None of the clinical or preclinical studies performed so far have revealed any clinically significant adverse events or safety signals after vaccination with any of the non‐adjuvanted or adjuvanted formulations. , , Clinical trials comparing adjuvanted and non‐adjuvanted vaccine show that adjuvantation does increase the incidence of minor injection site reactions, such as redness, but that increasing the antigen dosage does not.

Summary

The challenges facing seasonal and pandemic influenza vaccination are different. Sanofi Pasteur has therefore adopted different strategies to meet them.
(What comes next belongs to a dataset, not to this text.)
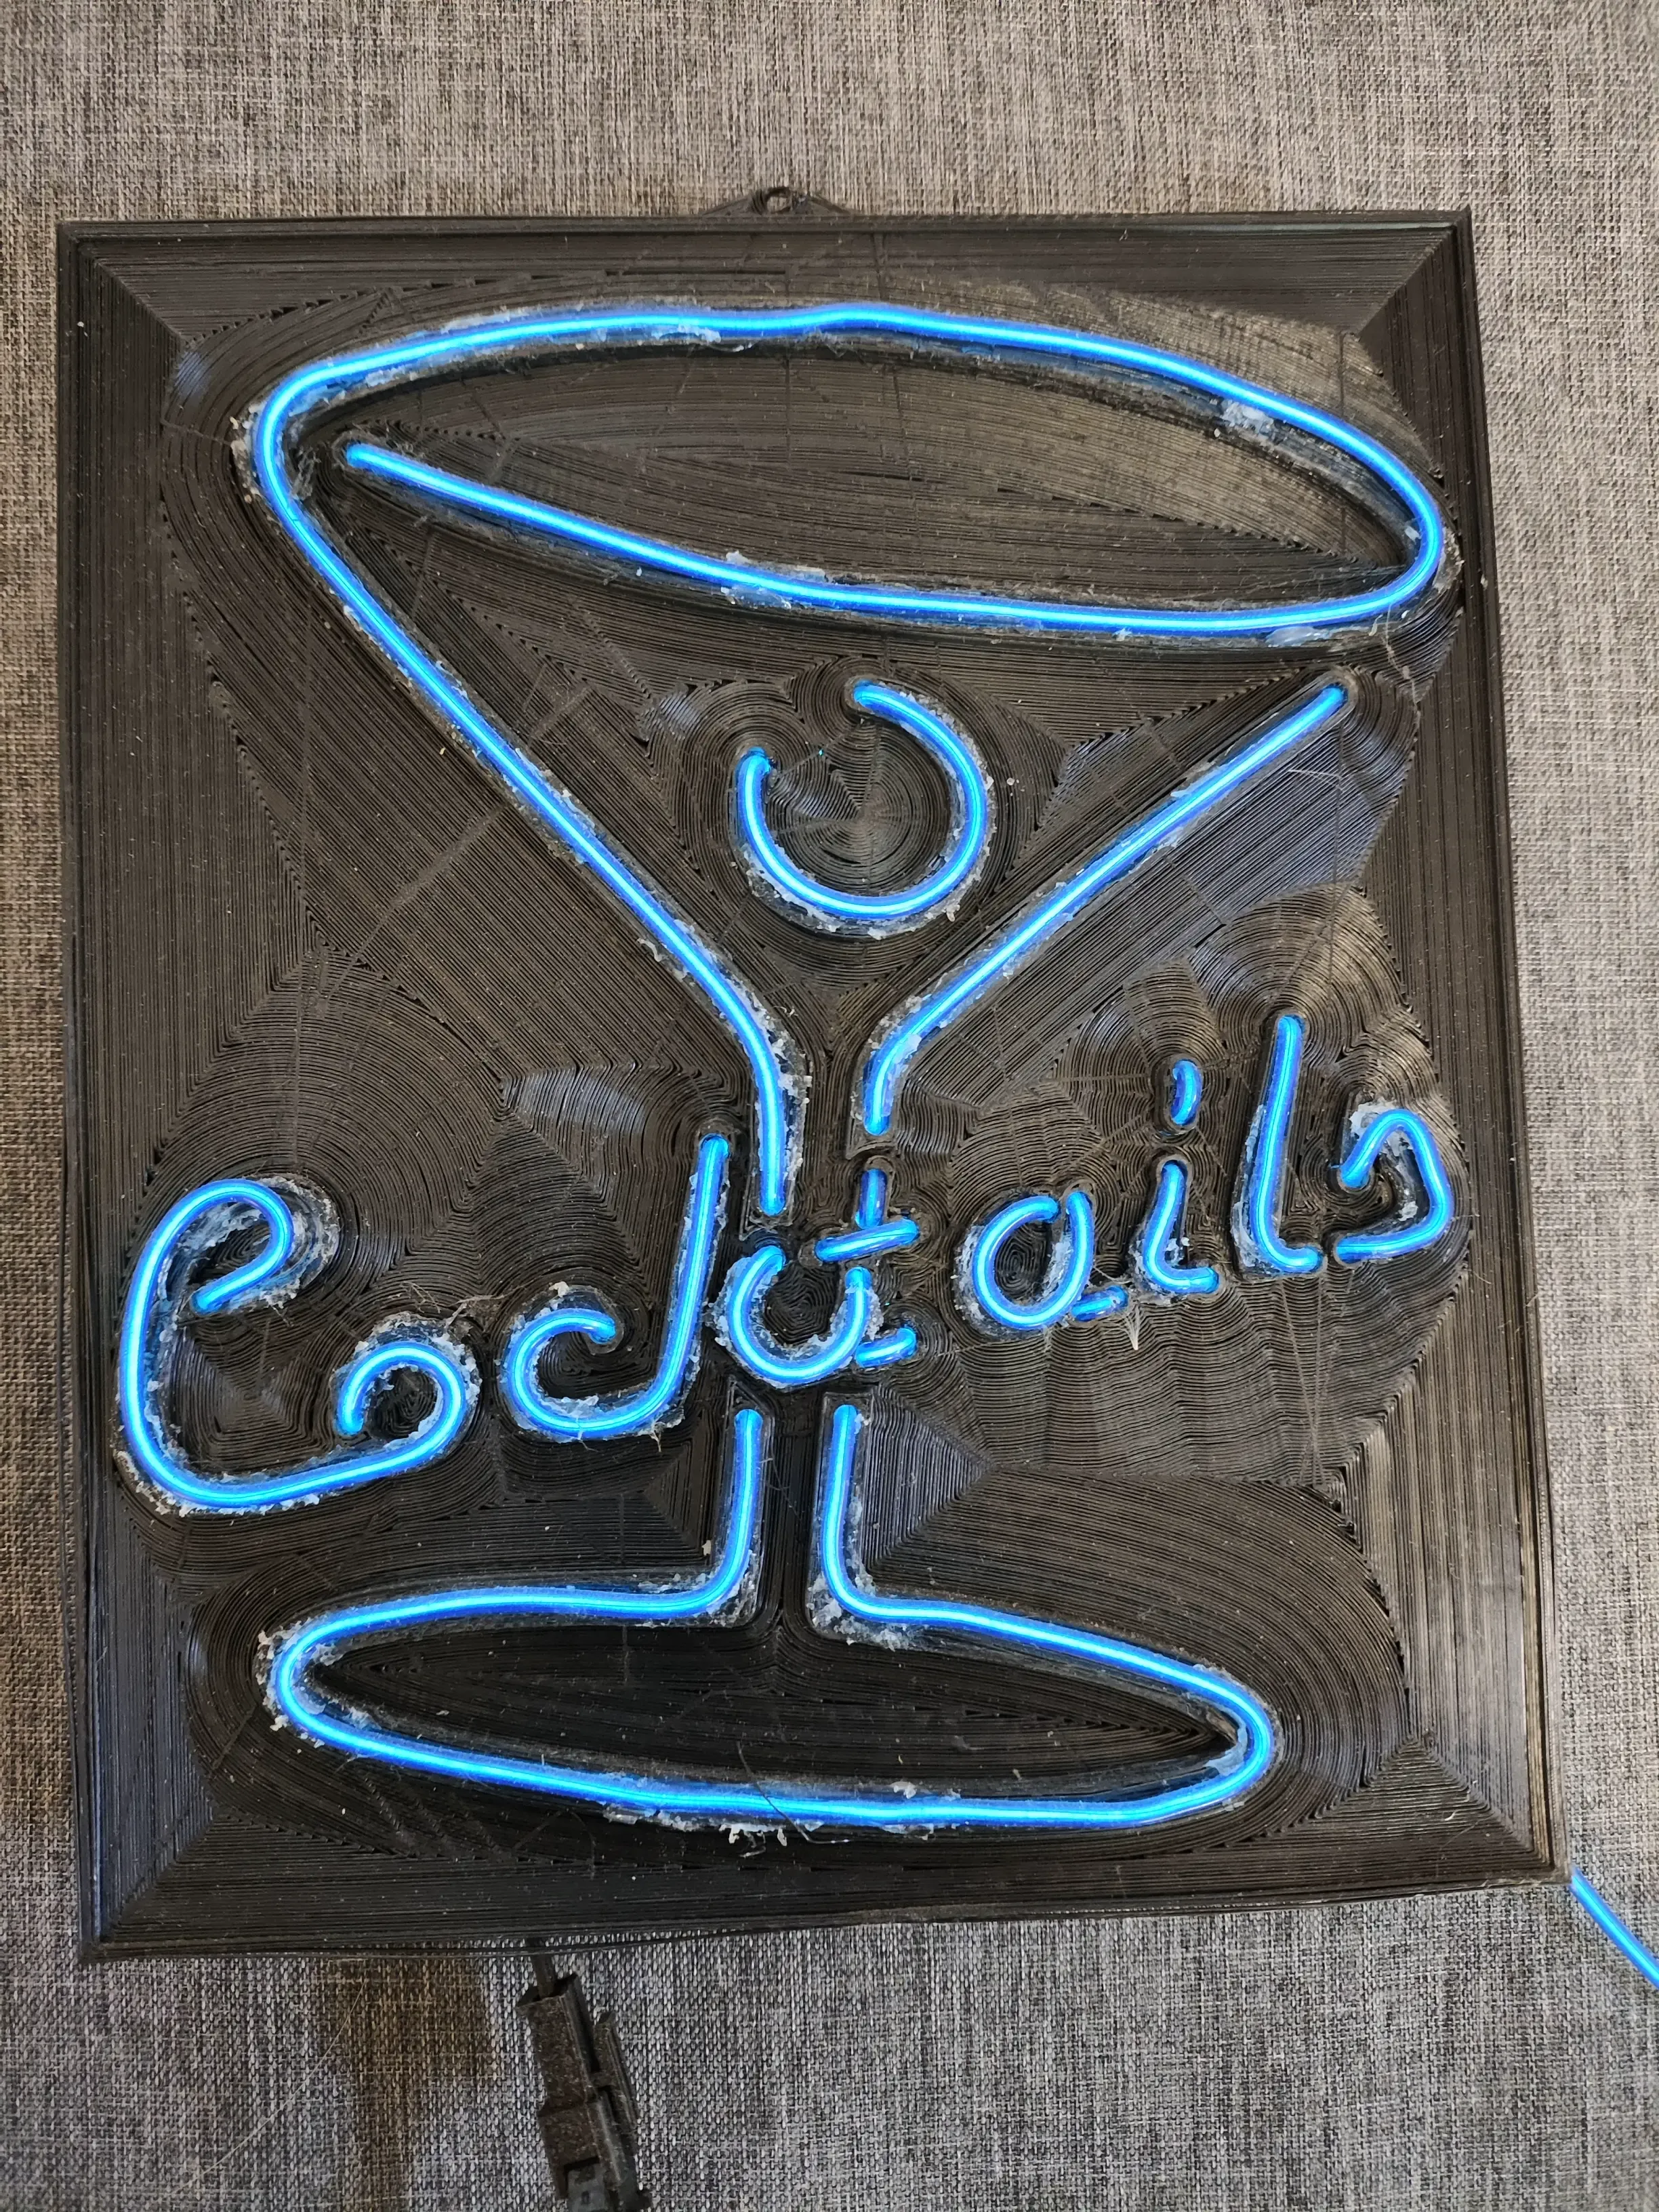 Neon-Like Retro Illumination: Cocktails Sign with EL Wire

Recent advances in vaccine delivery systems have allowed the intradermal route of administration to be reconsidered for annual vaccination against seasonal influenza. This strategy avoids the unknowns associated with the repetitive annual administration of vaccine adjuvants and has led to the development of a new vaccine based on a current, well‐known, trivalent, inactivated split‐virion vaccine, with two dosage formulations designed specifically for younger and older adults. In contrast, adjuvanted vaccines will play a pivotal role in protection against the next human pandemic of influenza, helping to prime and immunize as many people as possible against a newly emerging strain of influenza with a finite vaccine production capacity. The ability of this new generation of vaccine to induce broadly cross‐reactive antibodies opens up the possibility of priming with stockpiled vaccine to mitigate the impact of infection during the first few months of the next pandemic, pending the availability of vaccine against the actual pandemic strain. Defining the optimum vaccination strategy is just one of the remaining pandemic‐preparedness challenges.